WHAT IS REQUIRED. Nothing but the records themselves, exactly as written and free of pictures, should appear in your response.

GIVEN DATA Start Marker

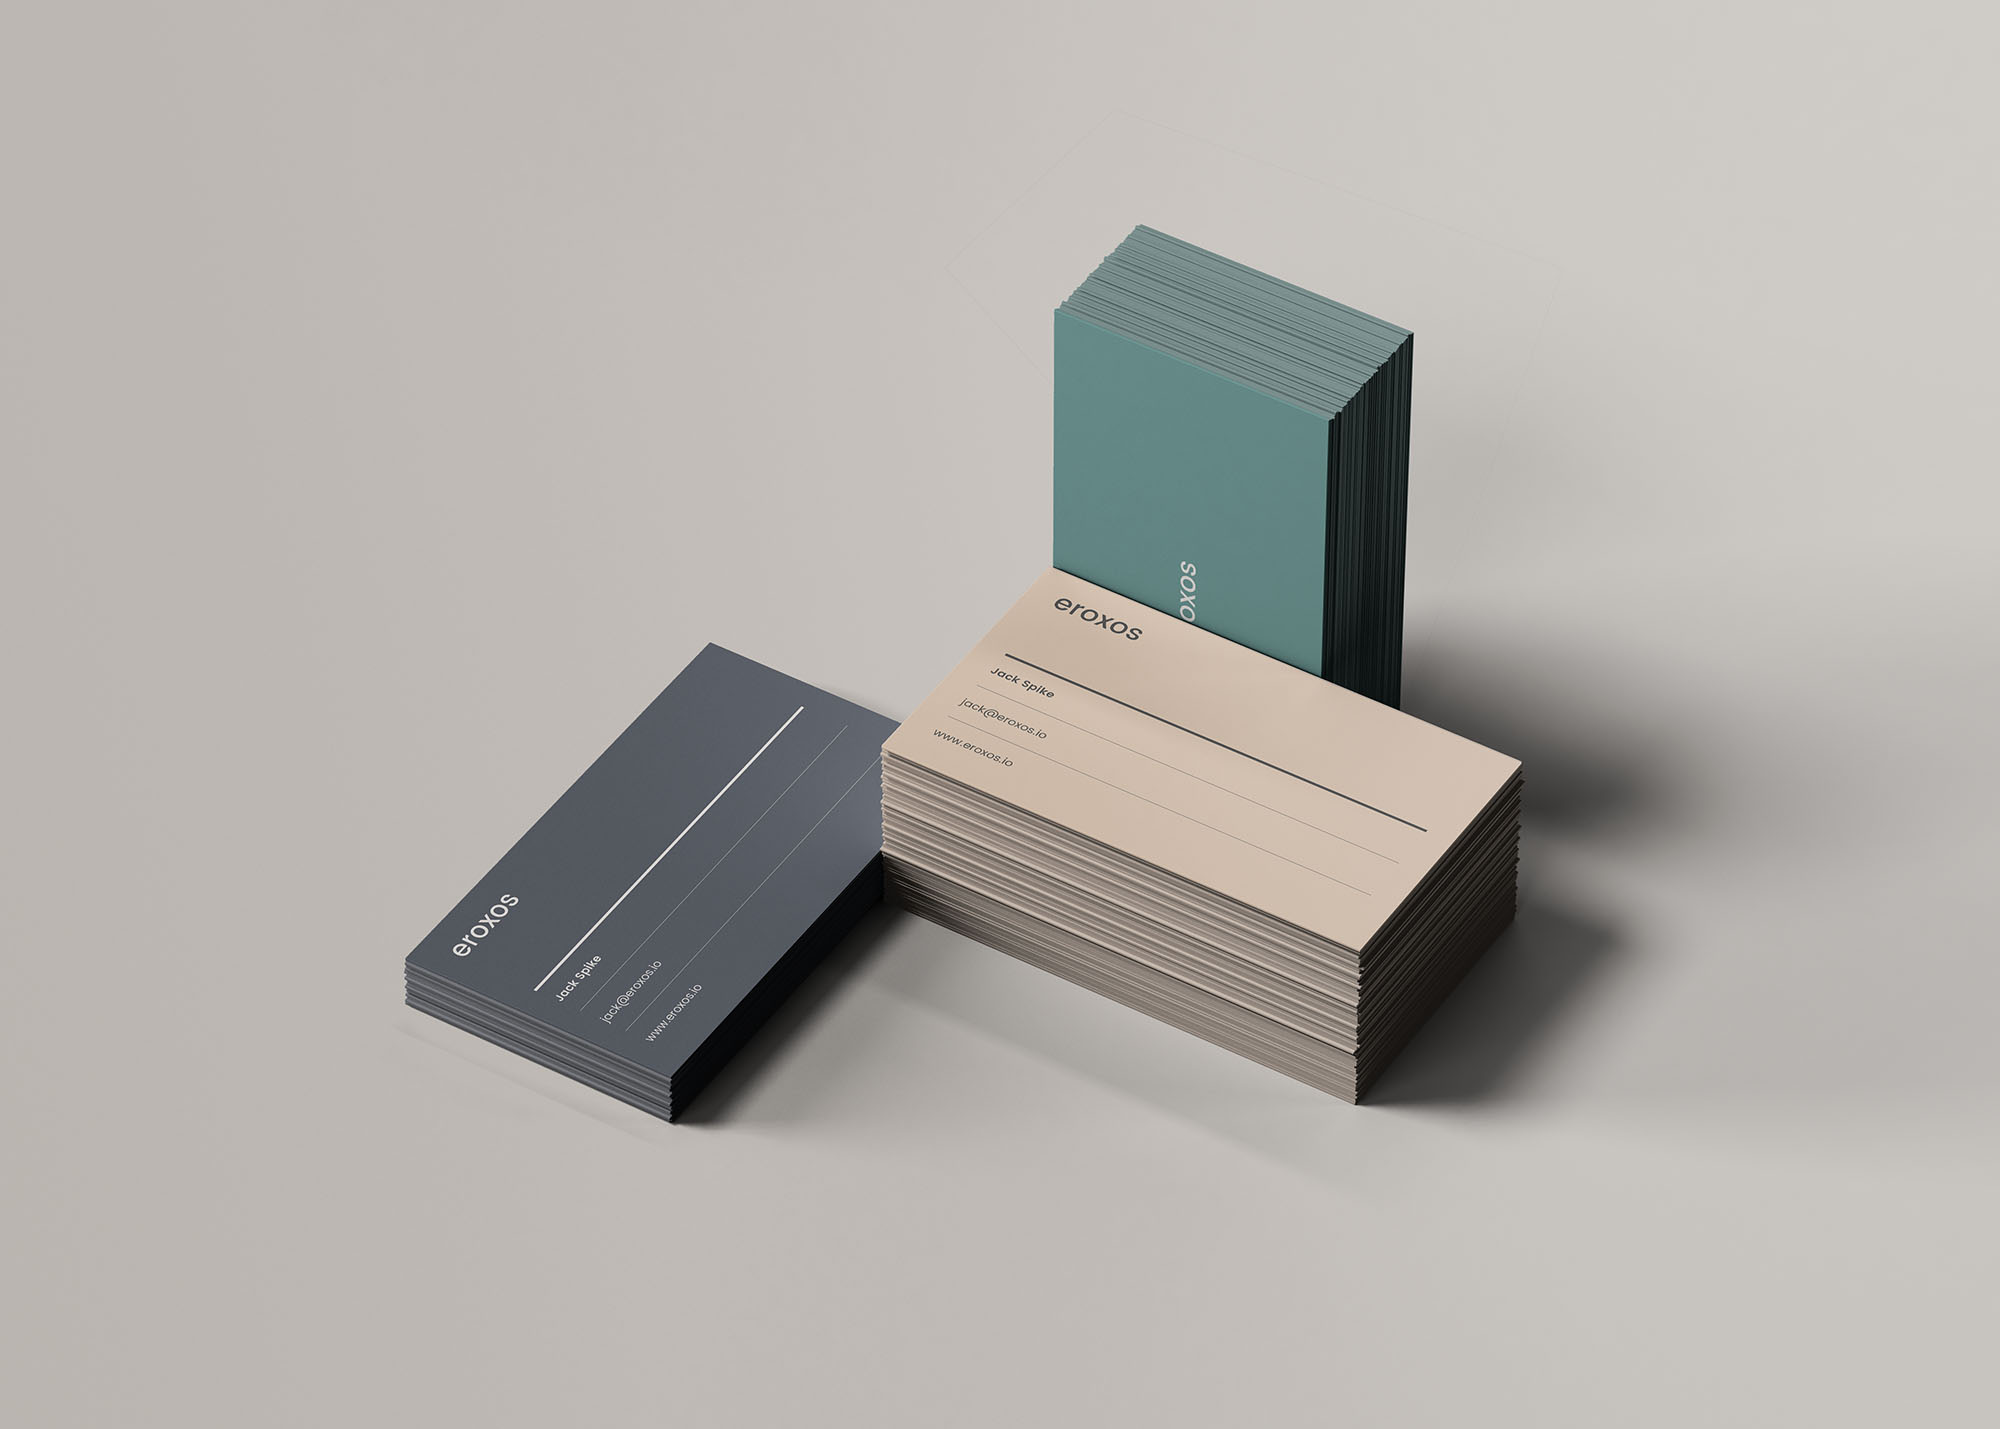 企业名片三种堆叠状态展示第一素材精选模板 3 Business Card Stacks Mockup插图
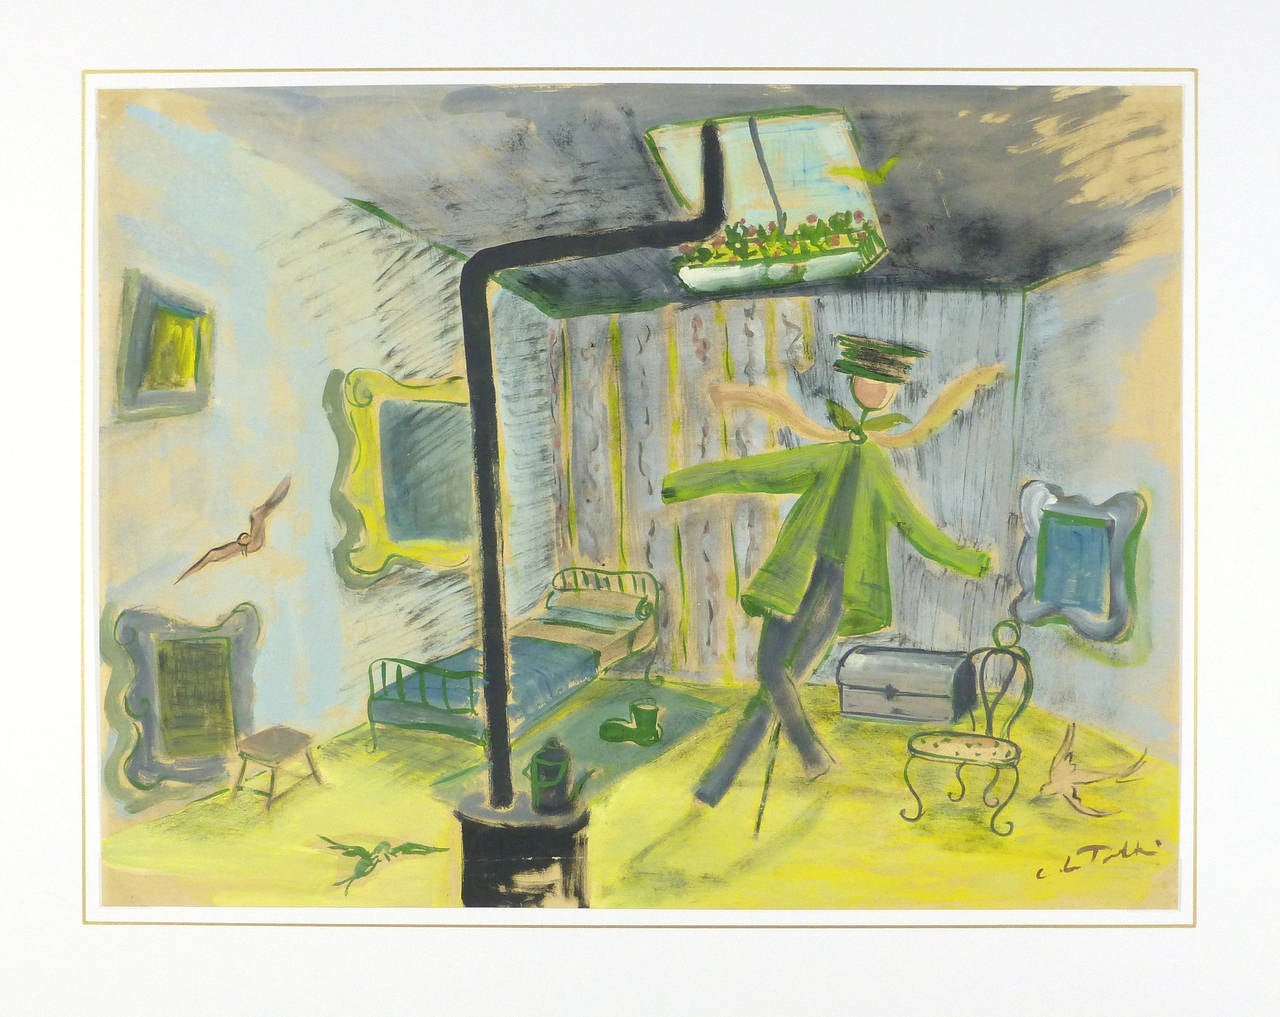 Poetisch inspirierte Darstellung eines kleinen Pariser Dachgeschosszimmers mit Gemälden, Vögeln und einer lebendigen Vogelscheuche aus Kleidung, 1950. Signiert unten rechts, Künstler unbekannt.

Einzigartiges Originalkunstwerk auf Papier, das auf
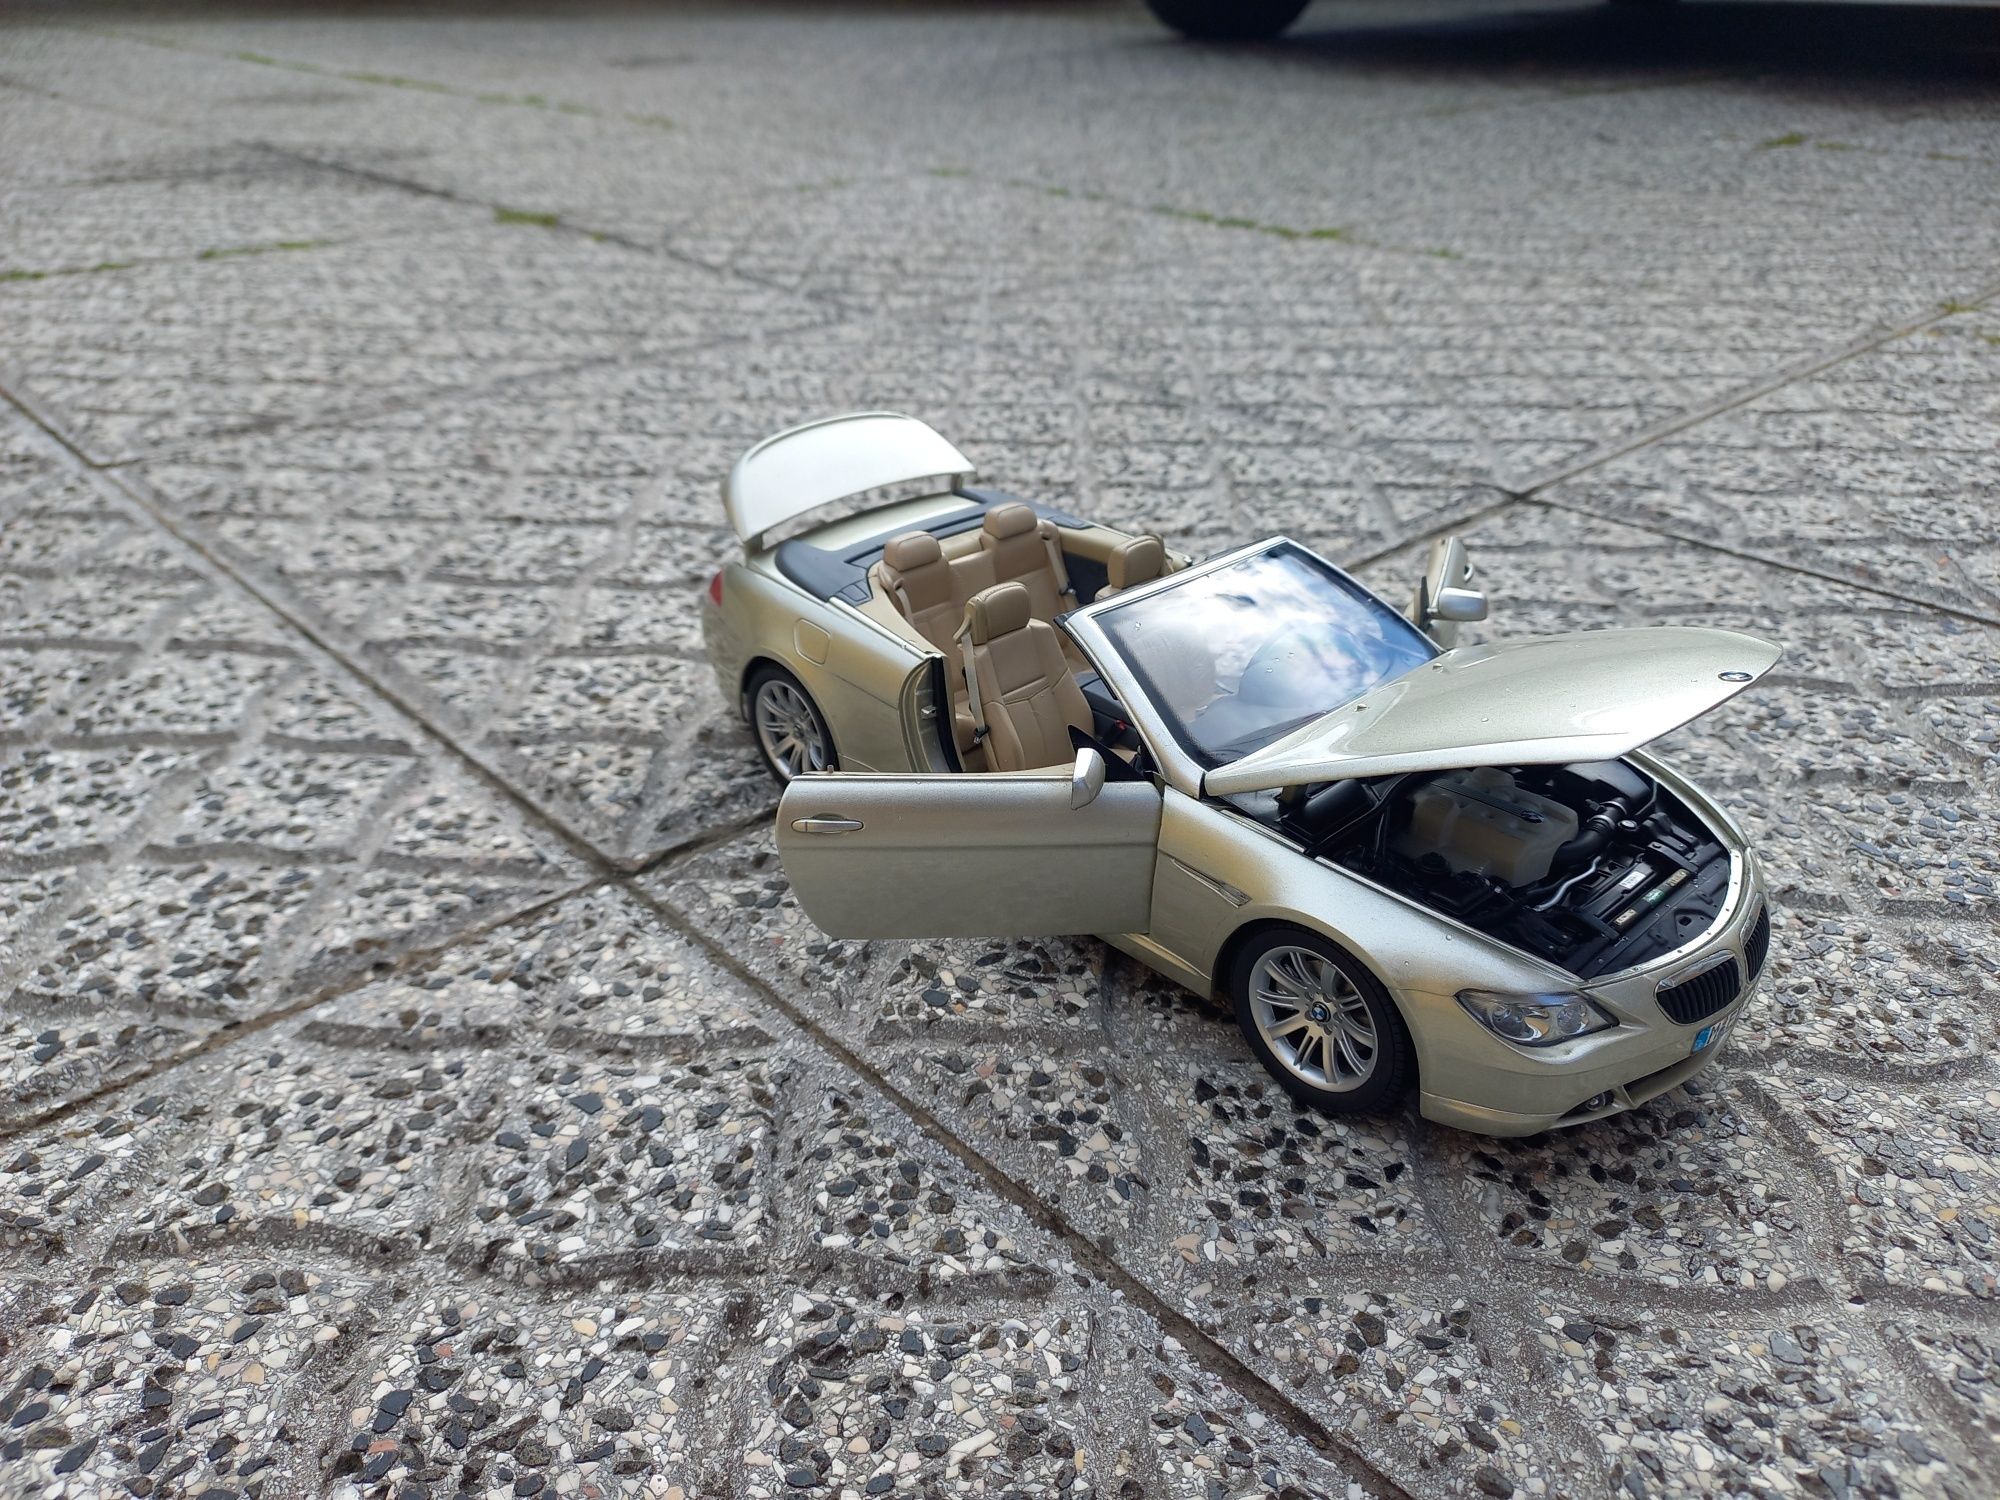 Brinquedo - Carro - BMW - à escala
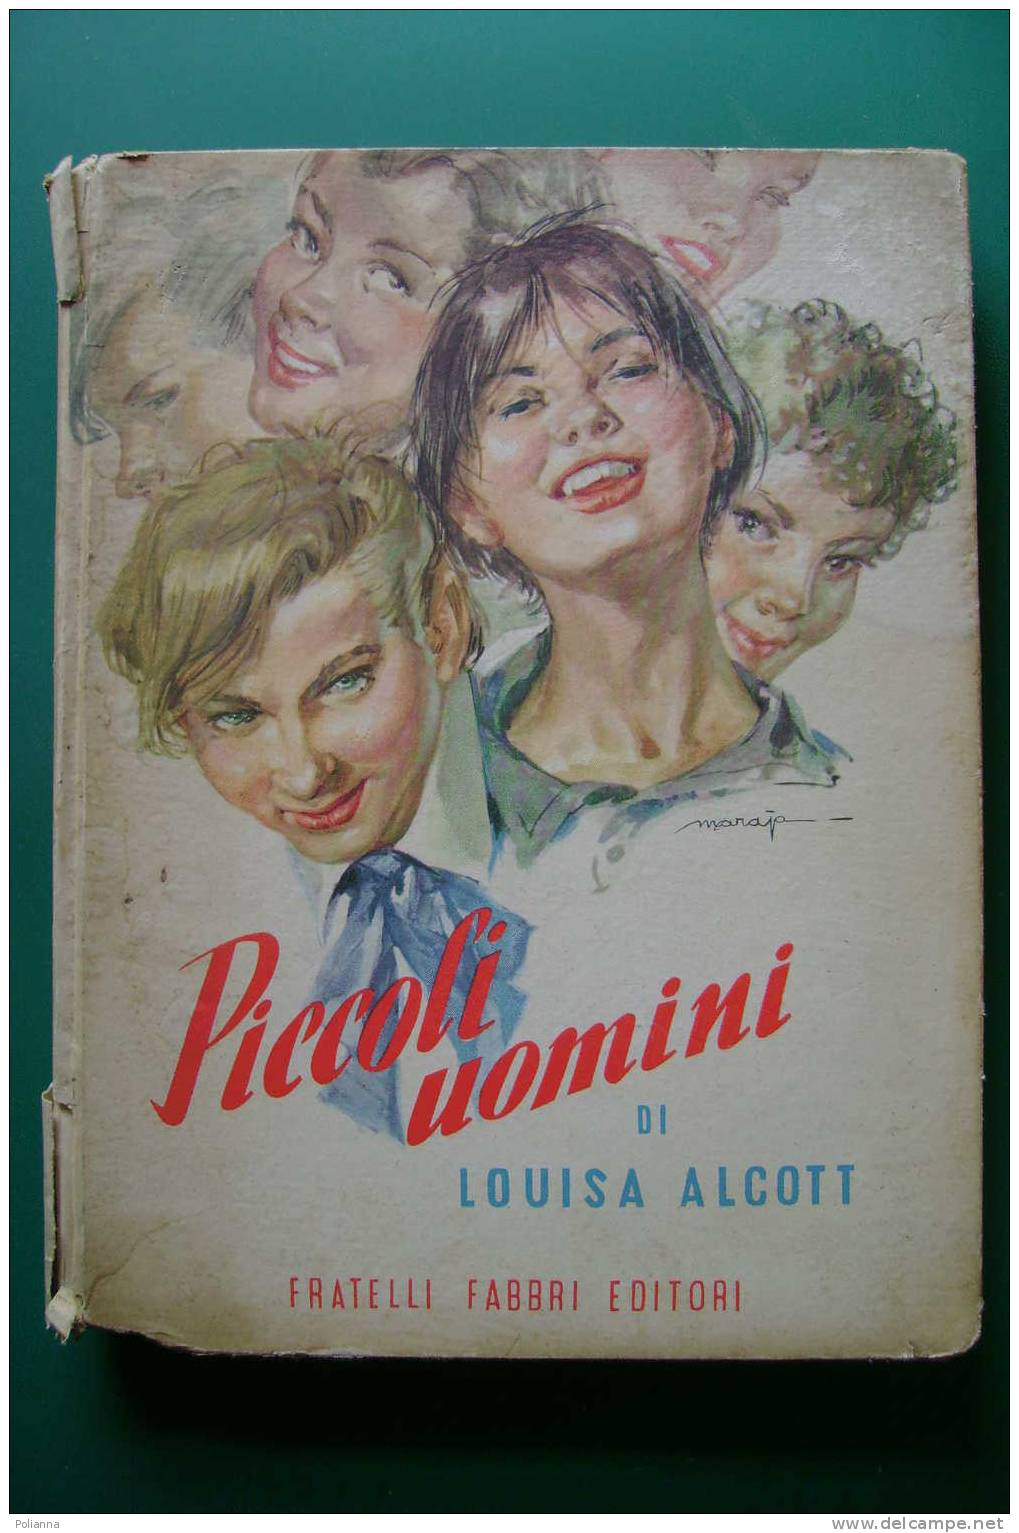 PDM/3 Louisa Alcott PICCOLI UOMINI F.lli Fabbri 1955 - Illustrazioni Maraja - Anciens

GIVEN DATA End Marker

FINISHED TASK.
 企业名片三种堆叠状态展示第一素材精选模板 3 Business Card Stacks Mockup插图
 Poetisch inspirierte Darstellung eines kleinen Pariser Dachgeschosszimmers mit Gemälden, Vögeln und einer lebendigen Vogelscheuche aus Kleidung, 1950. Signiert unten rechts, Künstler unbekannt.

Einzigartiges Originalkunstwerk auf Papier, das auf
 Brinquedo - Carro - BMW - à escala
 PDM/3 Louisa Alcott PICCOLI UOMINI F.lli Fabbri 1955 - Illustrazioni Maraja - Anciens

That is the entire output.